# THE DATA
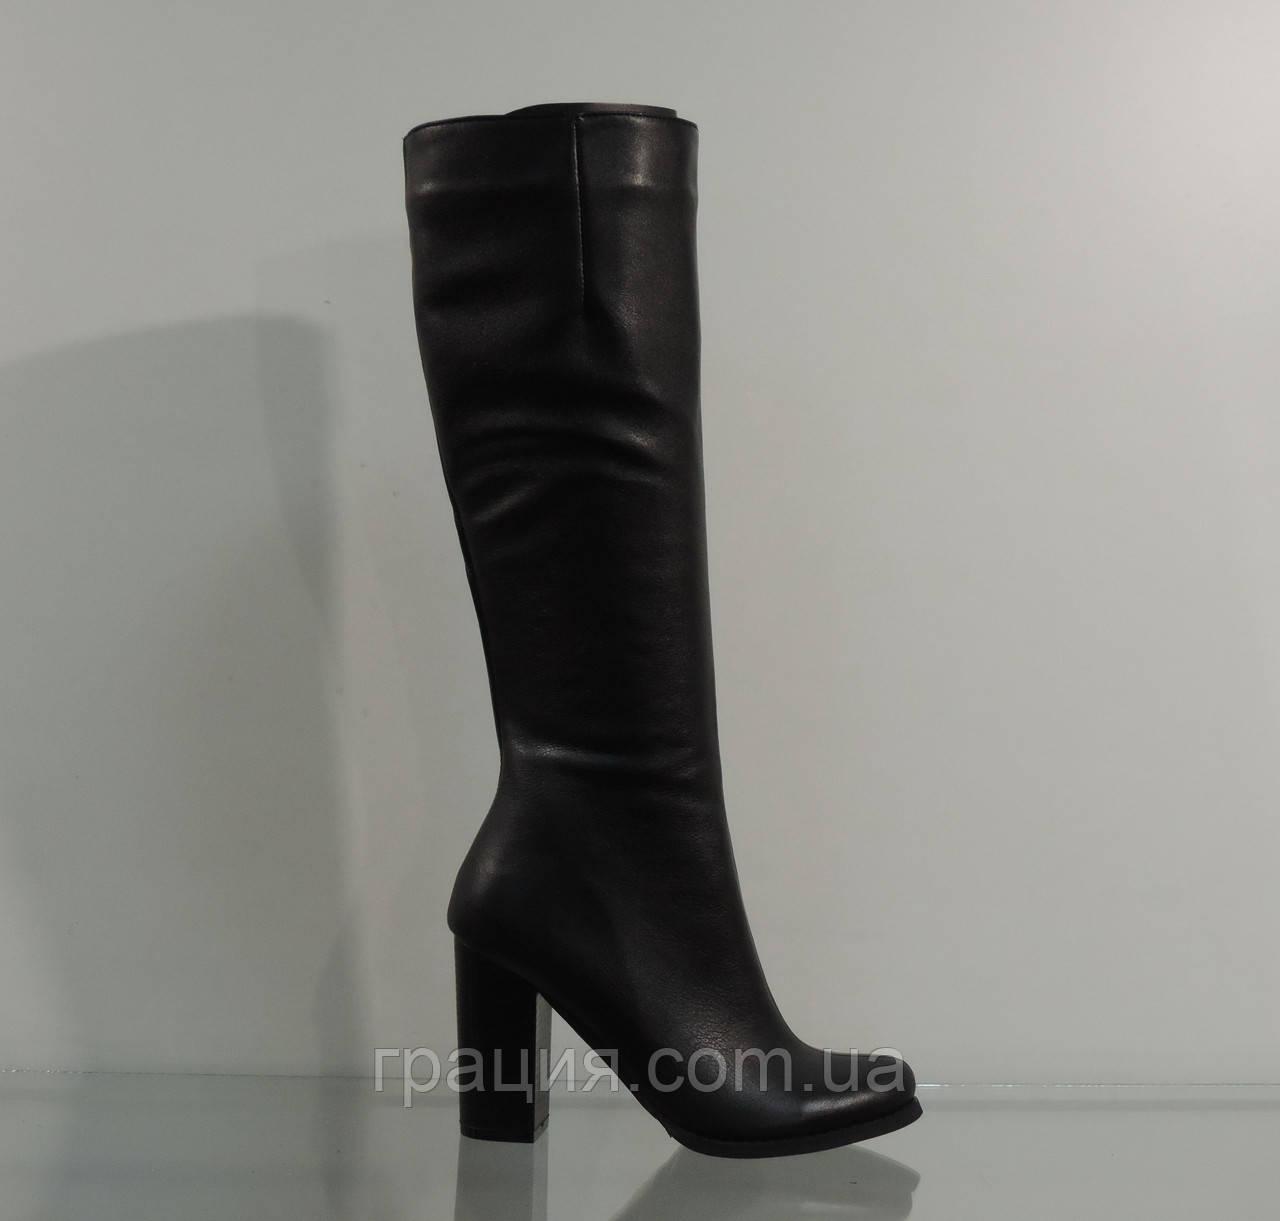 Сапожки женские кожаные демисезонные на каблуке
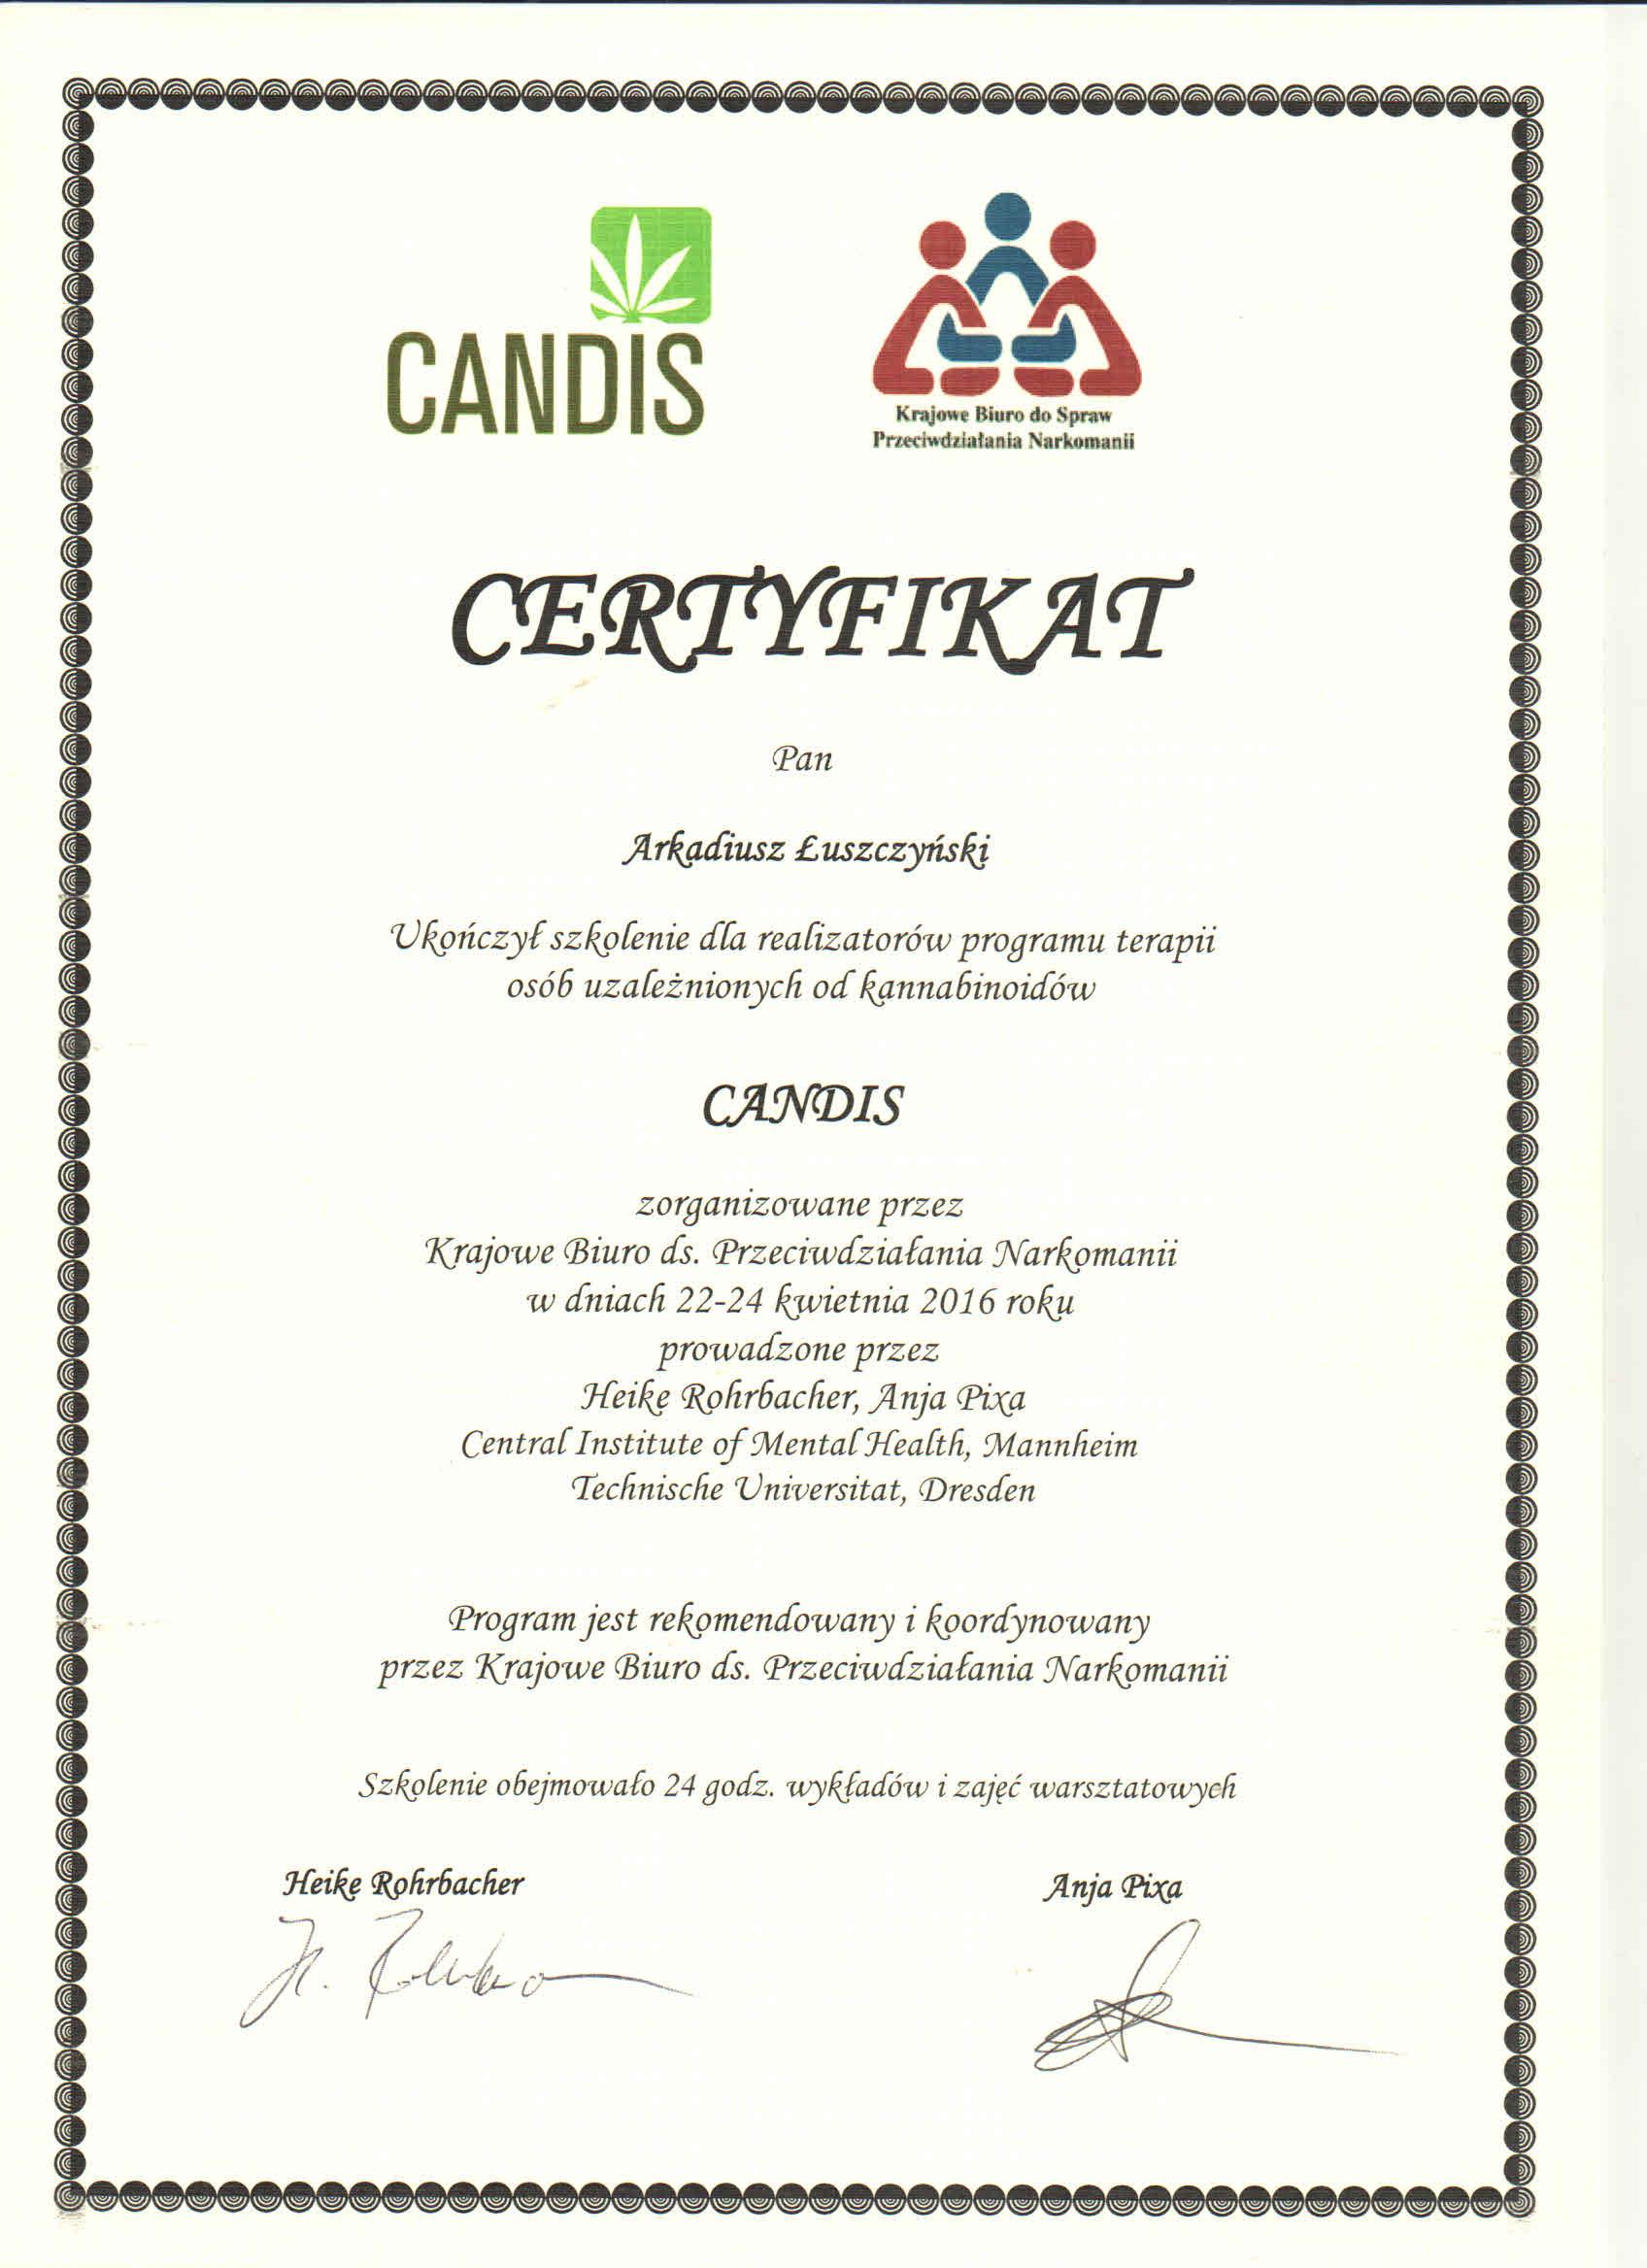 skan-certyfikat-candis
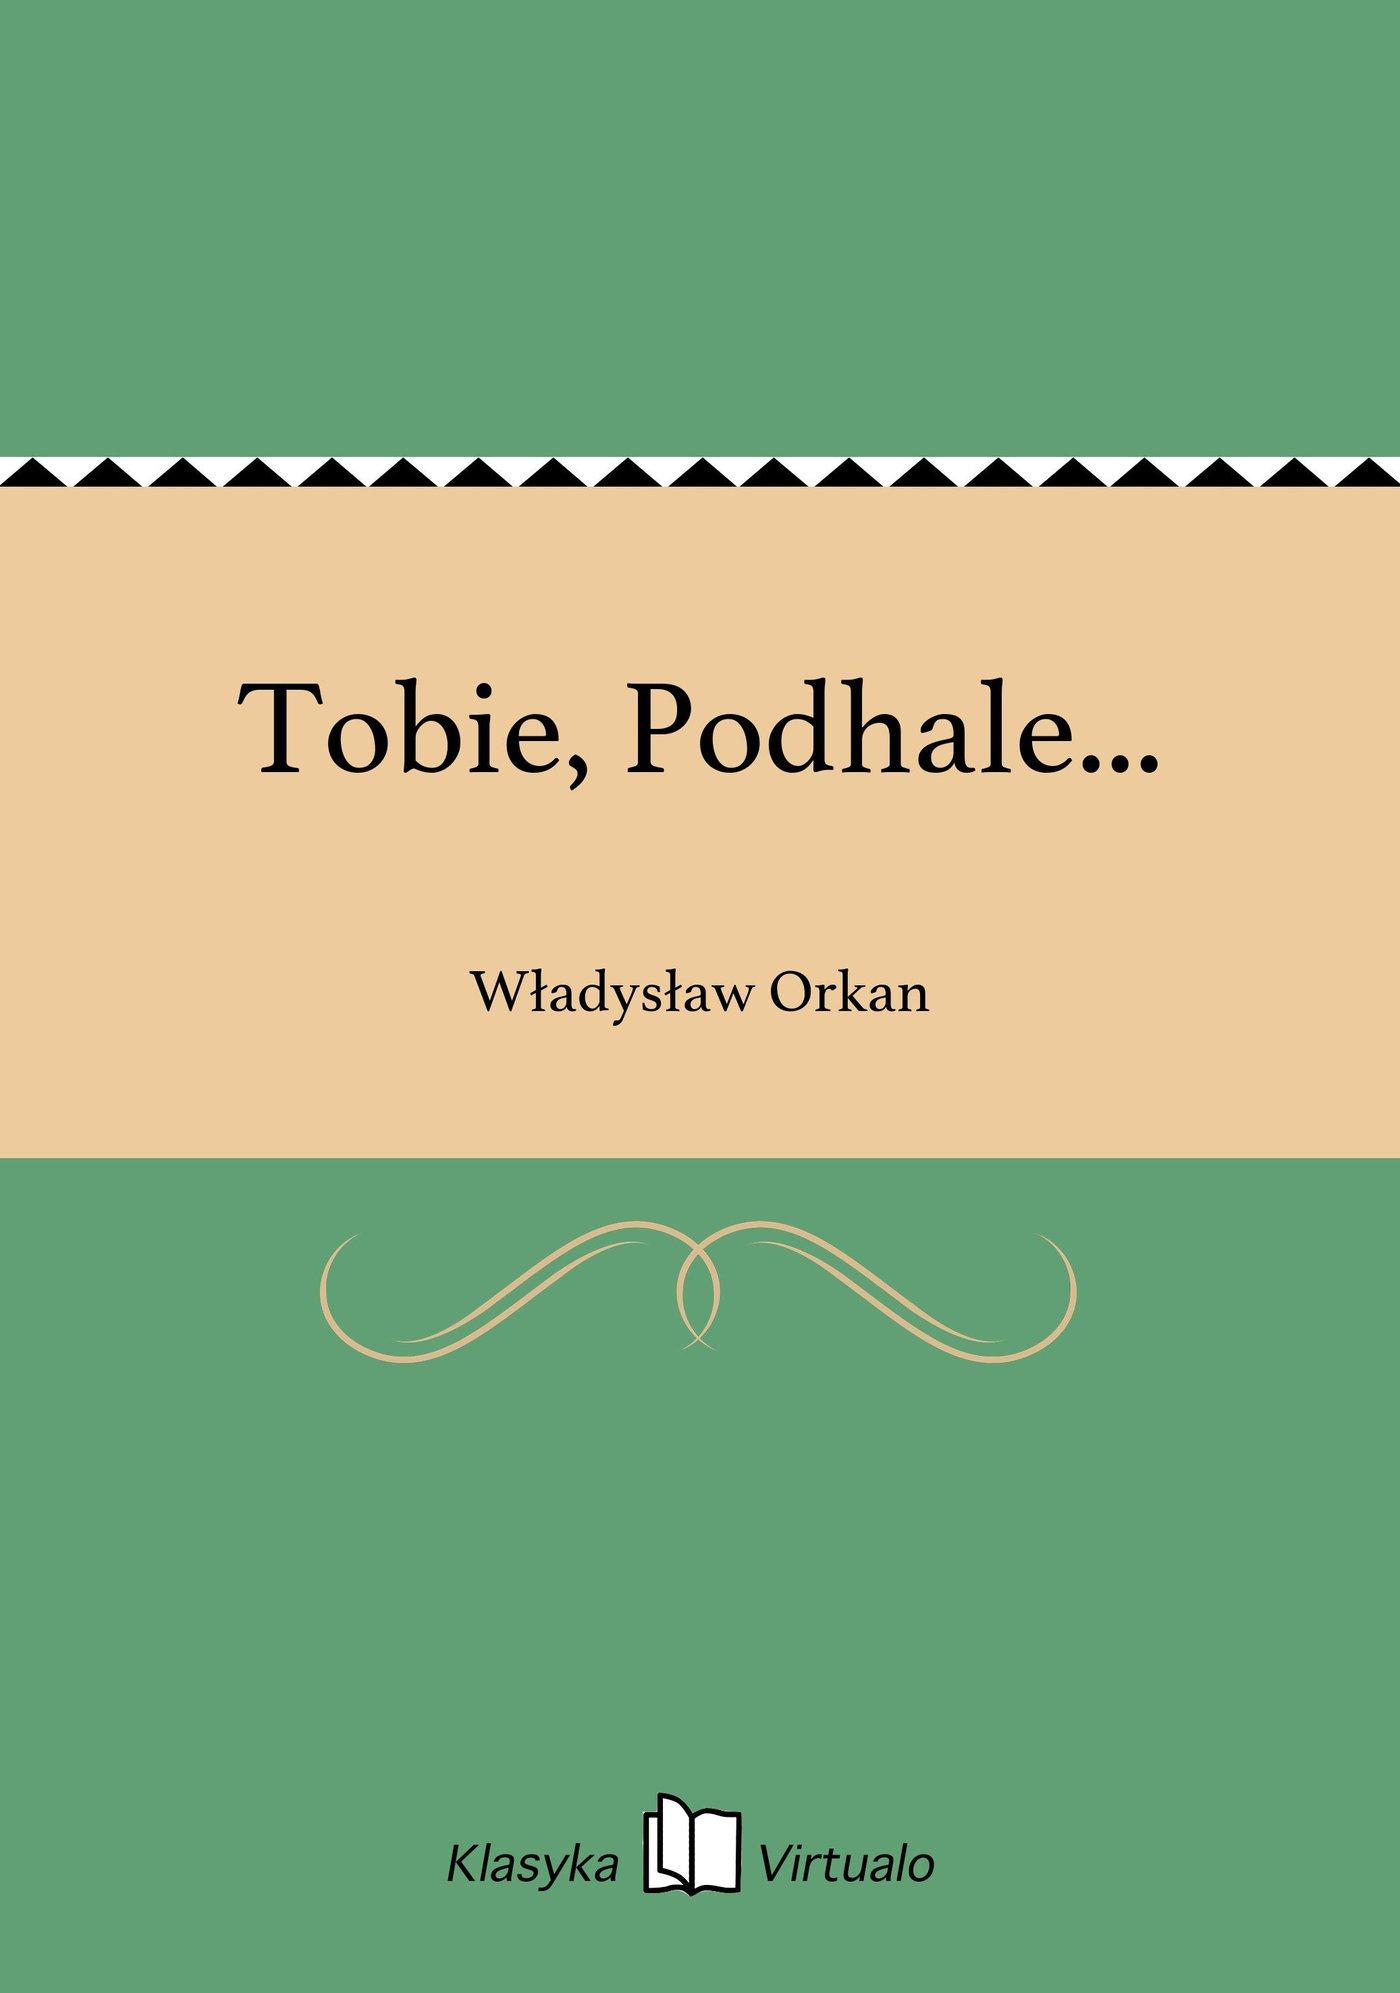 Tobie, Podhale... - Ebook (Książka EPUB) do pobrania w formacie EPUB

# EXERCISE REQUIREMENTS
Output each line above exactly. Skip the images.

# WRITTEN SOLUTION
 Сапожки женские кожаные демисезонные на каблуке
 skan-certyfikat-candis
 Tobie, Podhale... - Ebook (Książka EPUB) do pobrania w formacie EPUB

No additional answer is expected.